Red Hat Research Quarterly

Research project updates—February 2023

Red Hat Research Quarterly

Research project updates—February 2023

Each quarter, Red Hat Research Quarterly highlights new and ongoing research collaborations from around the world. This quarter we highlight collaborative projects in Israel at The Technion, The Ben Gurion University of The Negev, Ariel University, Reichman University, and The Hebrew University.

Contact academic@redhat.com for more information on any project described here, or explore more research projects at research.redhat.com.

PROJECT: CCO: Cloud cost optimizer

ACADEMIC INVESTIGATOR: Prof. Assaf Schuster (Technion)

Red Hat investigator: Ilya Kolchinsky

Cost optimization is one of the core challenges for users of cloud computing platforms: given a workload, how can one minimize the monetary cost of its deployment and execution over the cloud? Accurately answering this fundamental question for arbitrarily complex real-life workloads is an exceedingly hard problem. This project aimed to develop a tool, the cloud cost optimizer (CCO), capable of doing exactly that. 

Researchers have completed the project successfully. CCO retrieves information regarding the prices and capacities of all instance types, regions, availability zones, and so forth, as advertised by the cloud provider. Based on this information, CCO calculates the optimal allocation of workload components to minimize the overall cost. 

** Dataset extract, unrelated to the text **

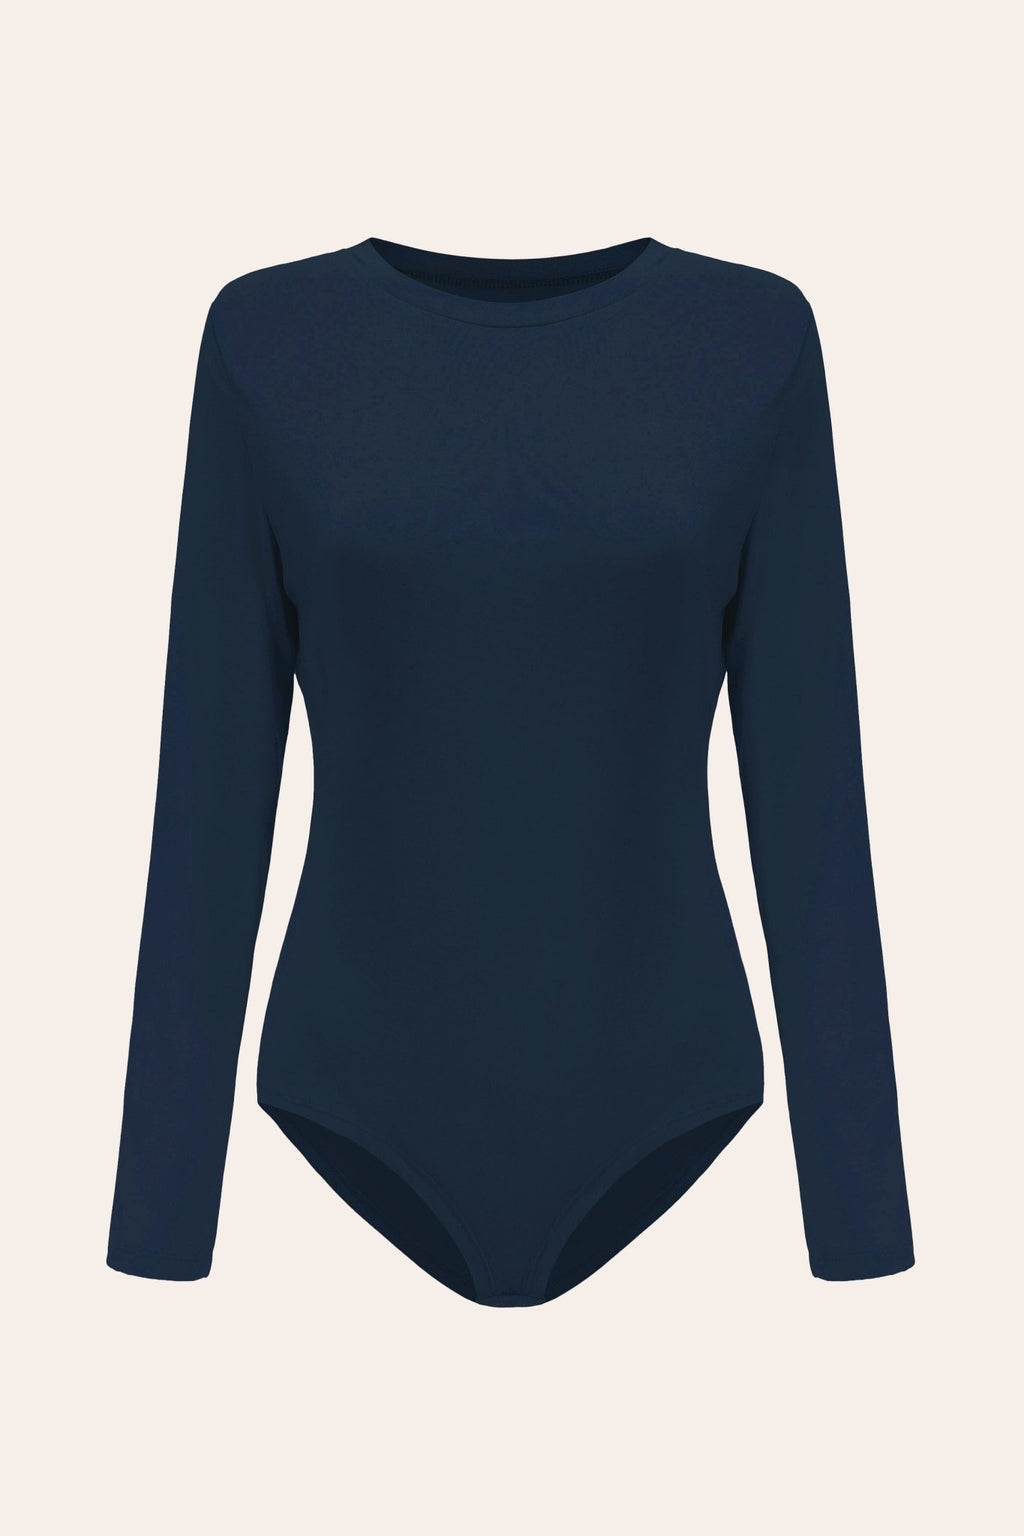 POSESHE Stylish N.6 V-Neck Plus-Size Bodysuit - Comfort & Versatility

A fully functional version of the CCO supporting AWS, Azure, and hybrid mode (splitting the workload across multiple cloud providers) is now available for use. Incorporating advanced optimization techniques, CCO can create close-to-optimal deployment plans for workloads of hundreds to thousands of components within mere seconds. Watch for more details in an upcoming article of RHRQ, and visit the GitHub repository.

PROJECT: AppLearner: learn and predict the resource consumption patterns of your OpenShift application

ACADEMIC INVESTIGATOR: Prof. Assaf Schuster (Technion)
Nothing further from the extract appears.